Contro l'inflazione le donne oziose tornino all'antica arte del pelapatate
“Credo che si debba reimparare a cucinare ingredienti crudi, per evitare di acquistare prodotti già pronti, più costosi”. Ha ragione la ministra francese Olivia Grégoire: basta con queste donne scioperate che anziché spignattare comprano tutto in gastronomia. Lo dice anche un capo di Auchan France, all’apparenza contro il proprio interesse
Ha ragione la ministra, basta con queste donne scioperate che anziché spignattare comprano tutto in gastronomia. Io l’ho sempre pensato e qualche volta l’ho pure detto, sebbene con minor riscontro mediatico: niente cibo di gastronomia a casa mia! Fuori i piatti pronti dal tempio! Niente cannelloni, crespelle e scaloppine in quelle brutte vaschette di alluminio! Di più: niente minestroni già preparati, insalate già tagliate, formaggio già grattugiato! Adesso lo dice anche la ministra francese del Commercio, Olivia Grégoire, una politica macroniana e però cattolica e realista. Una macroniana e però una donna a cui secondo me piace mangiare (Brigitte Macron pur avendo 25 anni di più pesa, a giudicare dalle foto, 25 chili di meno, e nessuno può essere così magro se mangia davvero e beve davvero). Una macroniana e però una donna che parla alla Francia profonda giacché la stuzzicante intervista l’ha rilasciata a un giornale di Bordeaux, provincia vinosa. Come se Urso o Lollobrigida privilegiassero, per le loro dichiarazioni, la Gazzetta di Alba…
“Credo che si debba reimparare a cucinare ingredienti crudi, per evitare di acquistare prodotti già pronti, più costosi”. Sono saggi consigli di economia domestica quelli della ministra. Non ci vuole la scienza, è sufficiente il buon senso, che il prezzo di un prodotto lavorato contenga il costo del lavoro dovrebbe essere chiaro a chiunque. Basta con le donne pigre che hanno dimenticato l’esistenza del pelapatate. Lo ha sostenuto anche un capo di Auchan France, all’apparenza contro il proprio interesse: “Il primo baluardo contro l’inflazione è la capacità di sbucciare le verdure”. Che poi cos’hanno di meglio da fare, le infingarde, mica l’ho capito. Guardare la televisione? Giocare a burraco? Portare a spasso il cane? L’Europa è piena di pensionate, di disoccupate, di non troppo occupate (lavoro pubblico…). L’Italia è più piena ancora. Il sud Italia non ne parliamo proprio. E allora perché caspita non cucinano, le fannullone? Io ho intuito che la situazione stava precipitando quando ho assistito al proliferare e all’affollarsi delle gastronomie pugliesi. Ma come, nella regione in cui le signore menavano vanto di saper fare orecchiette e strascinati? In un contesto di piccole città dove la vita scorre lenta e il tempo abbonda? Storie vecchie, stereotipi obsoleti: oggi anche in Puglia le nonne sono morte, le mamme non si sentono tanto bene e le figlie vanno ai corsi di yoga. Esattamente come a Milano e a Parigi.

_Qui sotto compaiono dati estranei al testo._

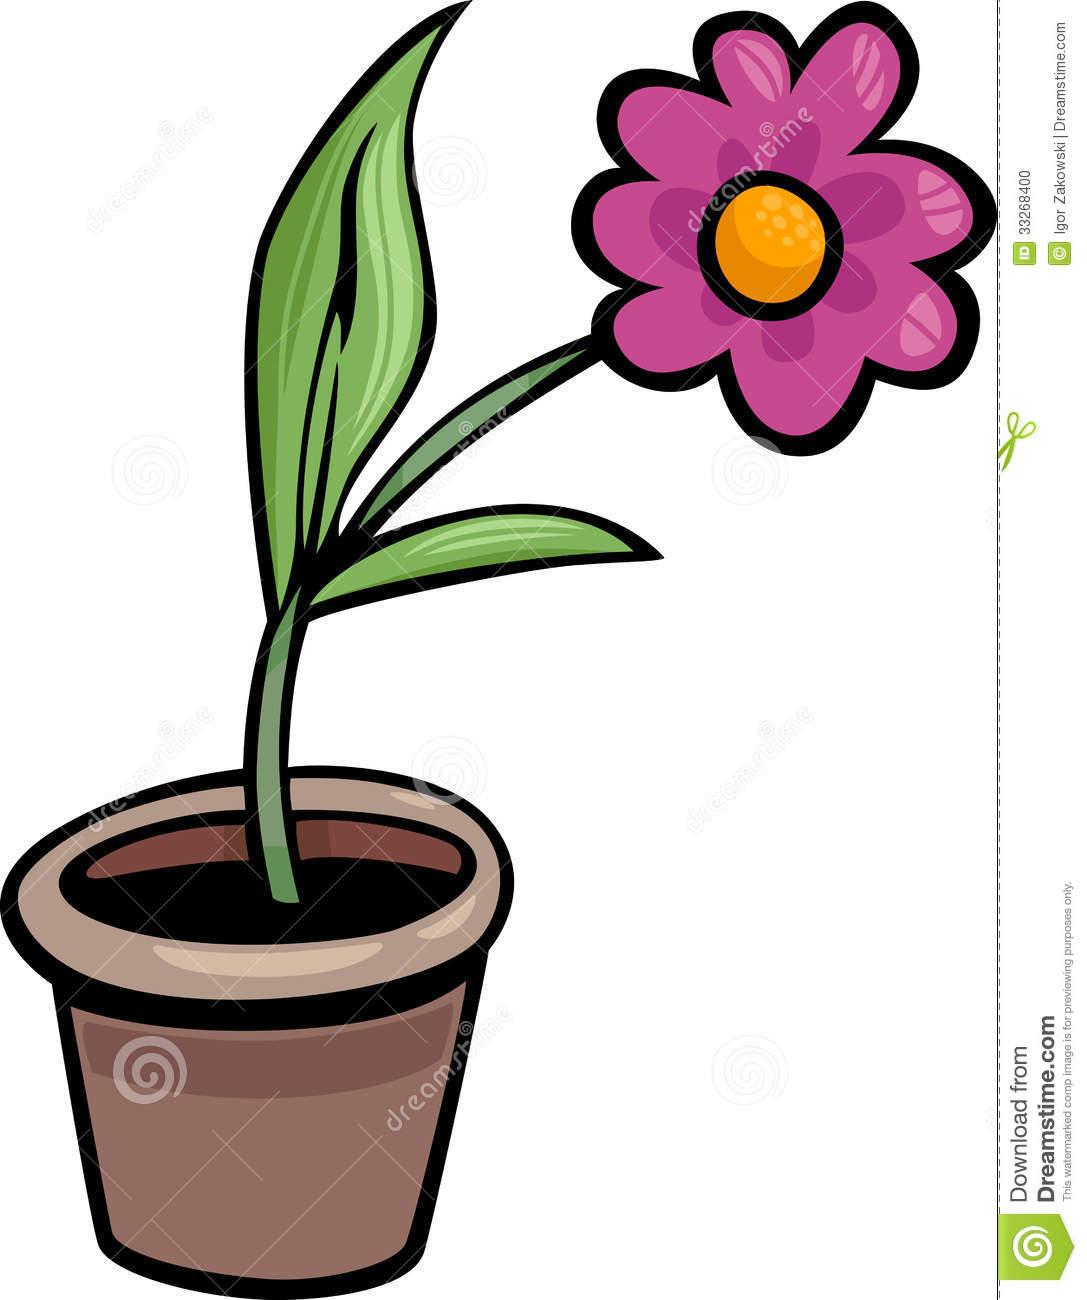 1087x1300 Powerful Flower Cartoon Pictures Clip Art Colorful Simplistic

“Le lezioni di cucina devono tornare a scuola”. Sempre parole della ministra che ha a cuore la minestra e coglie il punto: la trasmissione di ricette e competenze si è spezzata, la tradizione giace e le giovani sono in difficoltà con l’uovo sodo. La proposta ha un sentore giacobino e statalista, un profumo di République. Una scuola pubblica che si occupa di ogni aspetto della vita non mi esalta, io di mio sarei per l’homeschooling. Ma come sempre si deve scegliere il male minore e se mancano le nonne bisognerà accontentarsi delle professoresse. Poi non è solo questione di soldi, il cibo preparato al momento, orgoglio della padrona di casa, piace al pauperista come al lussuosista: i piatti pronti sono qualitativamente scarsi, salati, addittivati, standardizzati, adatti a donne e uomini schiavi dell’ozio anche mentale.